The paper, run by China’s central bank, cited a report by

Orient Asset Management Corp – one of four firms charged with

cleaning up bad debts at China’s banks – which said bad debts

could soar in the steel, ship building and solar sectors as well

as among exporters, local governments and property developers.

“China’s outstanding non-performing loans (NPLs) as well as

the average NPL ratio are likely to rise,” the newspaper said,

citing the report.

The risk of a rise in bad loans comes as banks face pressure

to increase capital under stricter international banking rules

and raises the urgency of NPL disposal, the report said.

In the Orient survey of Chinese bankers, some 69.4 percent

believed the average NPL ratio for Chinese banks – now just

under 1 percent – could rise to 1-2 percent by the end of 2012

while 20.6 percent believed it could climb to 2-3 percent.

A total of 53.6 percent of respondents believed China’s

total NPLs would rise by less than 10 percent in 2012, while

28.7 percent of them believed the rise could be 10-20 percent.

Many analysts suspect the real NPL ratio for Chinese banks

could be higher than the official 0.97 percent rate, especially

given the sharp slowdown in the economy this year.

The NPL ratio in China’s entrepreneurial hub of Wenzhou has

more than doubled to 3 percent this year, according to state

media reports.

China’s annual GDP growth in the third quarter of 2012 was

its slowest since the first quarter of 2009, with the 7.4

percent expansion below the government’s target of 7.5 percent

and well short of 2011’s full year growth of 9.2 percent.

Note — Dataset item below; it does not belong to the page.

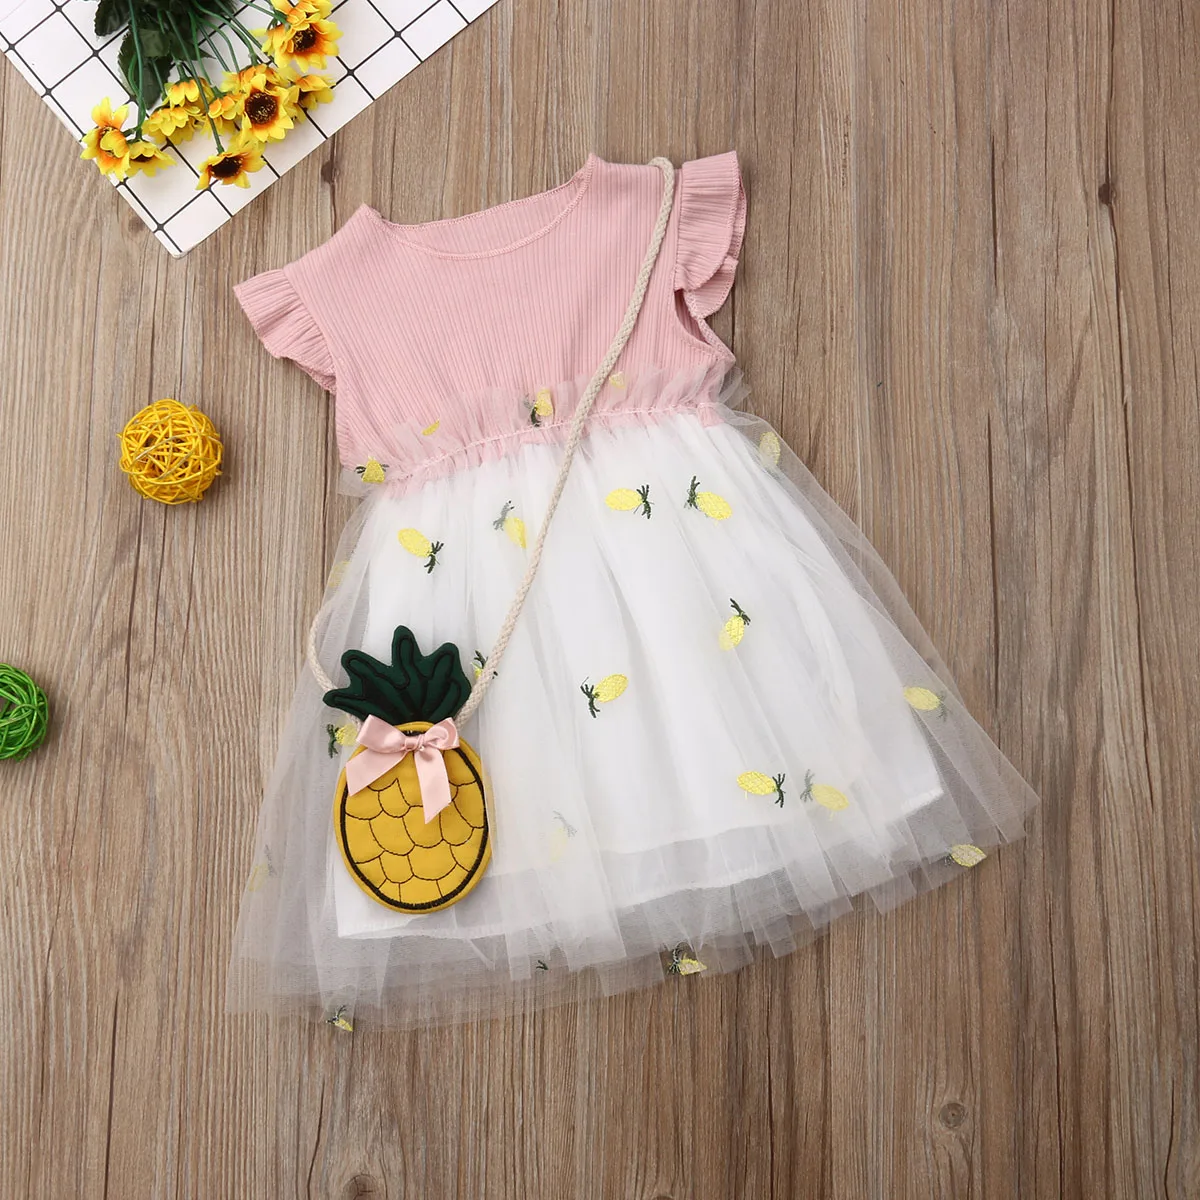 Летнее платье для маленьких девочек милое желтое Пышное кружевное фатиновое платье принцессы с фруктами, вечерние платья подружки невесты бальное платье
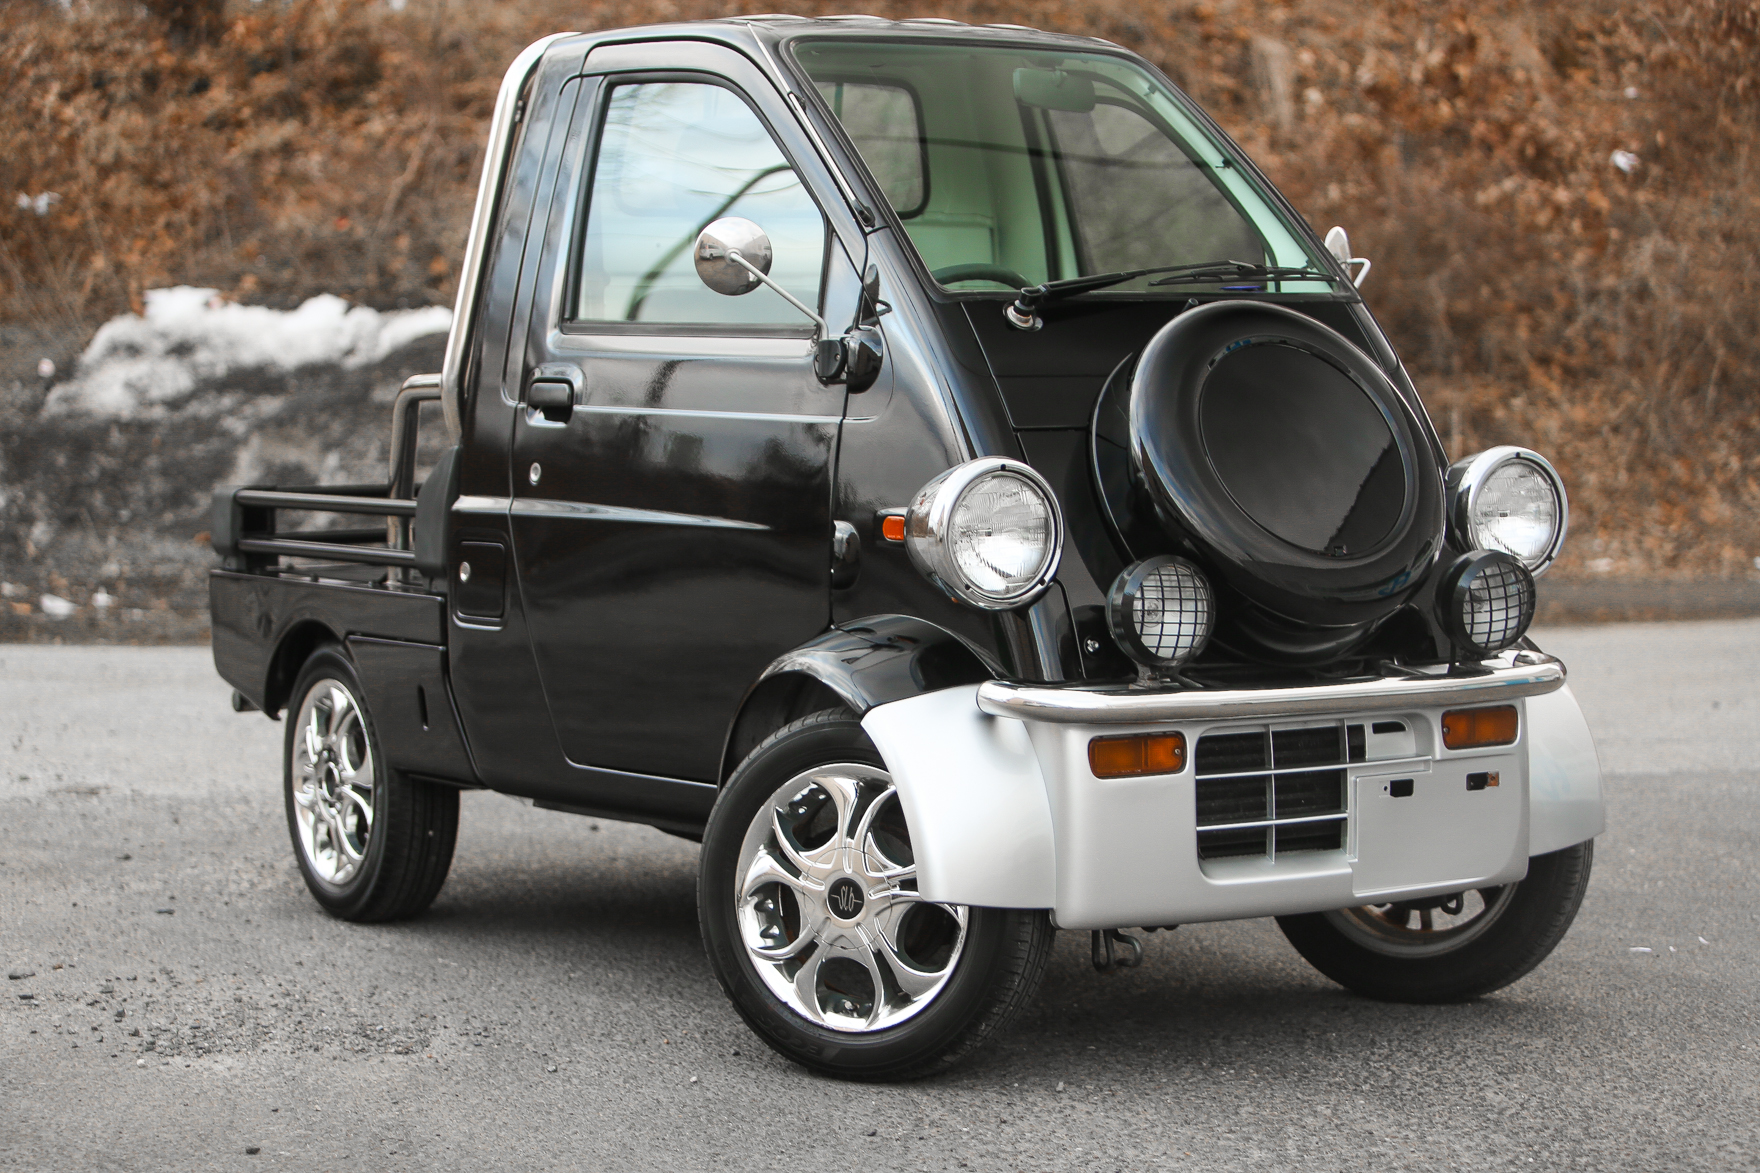 1996 Daihatsu Midget - $8,950

Economists polled by Reuters expect China’s growth in 2012

to be its slowest since 1999 – the year Beijing set up Huarong,

Cinda, Great Wall Asset Management Corp, and Orient to take over

1.4 trillion worth of non-performing loans from its state-owned

banks in preparation for their stock market listings.

China’s top five banks – Industrial and Commercial Bank of

China Bank of China, China Construction Bank

and Agricultural Bank of China and Bank of

Communications – could all roll out NPL sales.

The size of each NPL sale could between 1-5 billion yuan

($160-$800 million), the report said.

Chinese banks stopped large-scale bad loan sales after 2006

and the existing bad loans at AMCs are drying up after years of

debt resolution, the newspaper said.

Golman Sachs and Morgan Stanley have been

among foreign banks actively buying Chinese distressed assets.